The triumph of national smoke-free legislation

  1. Jill P Pell1,
  2. Sally Haw2
  1. 1
    Henry Mechan Professor of Public Health, University of Glasgow, UK
  2. 2
    Senior Public Health Adviser, Scottish Collaboration on Public Health Research Policy, Edinburgh, UK
  1. Correspondence to Professor Jill Pell, Henny Mechan Chair in Public Health, Room 305, Public Health Section, University of Glasgow, 1 Lilybank Gardens, Glasgow G12 8RZ, UK; j.pell{at}clinmed.gla.ac.uk
  • Published Online First 7 June 2009

In 2003, the World Health Organization ratified its first international public health treaty—the Framework Convention on Tobacco Control (FCTC). The FCTC sets out a legislative framework for tobacco control and has been adopted by 164 countries to date. In July 2007, the Conference of Parties adopted guidelines for implementation of Article 8 of the FCTC on “Protection from exposure to tobacco smoke.” This article set out recommendations for the development, implementation and enforcement of national, comprehensive smoke-free legislation. The first national, comprehensive legislation was introduced in the Republic of Ireland in 2004, followed by Norway and New Zealand. Their experience of introducing comprehensive legislation informed Article 8 of the FCTC. National legislation that is in accordance with, or closely aligned to, Article 8 has now been introduced in many other jurisdictions including Italy, France and the United Kingdom, as well as a growing number of US states and Canadian provinces.

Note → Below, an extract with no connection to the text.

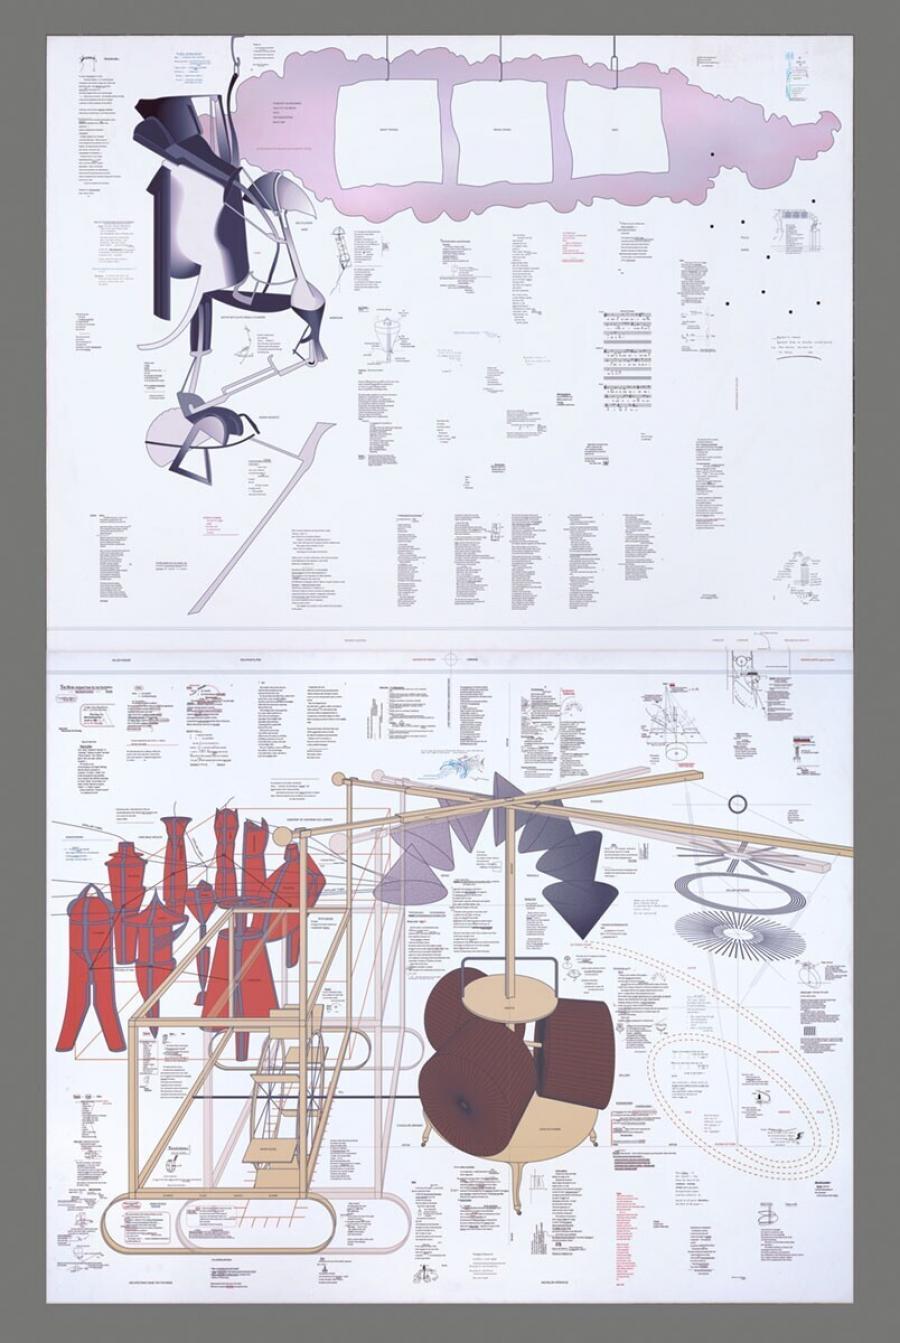 Typo/Topography of Marcel Duchamp's Large Glass (Typo/Topografie van Marcel Duchamp's Grote Glas)

Since adoption of Article 8 of the FCTC, the evidence of benefit from smoke-free legislation has become even more compelling. There is consistent evidence that workplace smoking restrictions reduce occupational exposure to secondhand smoke, with the most effective restrictions being those introduced as part of comprehensive smoke-free legislation, as recommended in the FCTC. Most occupational studies have focused on exposure among bar workers using air markers, such as particulate matter <2.5 μm in diameter (PM2.5), or biomarkers, such as cotinine. These studies have reported reductions in secondhand smoke exposure of between 80% and 90%, resulting in air quality equivalent to ambient outdoor air. Following the introduction of legislation in the Republic of Ireland, salivary cotinine concentrations in bar workers fell from 29.0 nmol/l to 5.1 nmol/l.1 This contrasted with a much smaller reduction from 25.3 nmol/l to 20.4 nmol/l in Northern Ireland where legislation had not yet been …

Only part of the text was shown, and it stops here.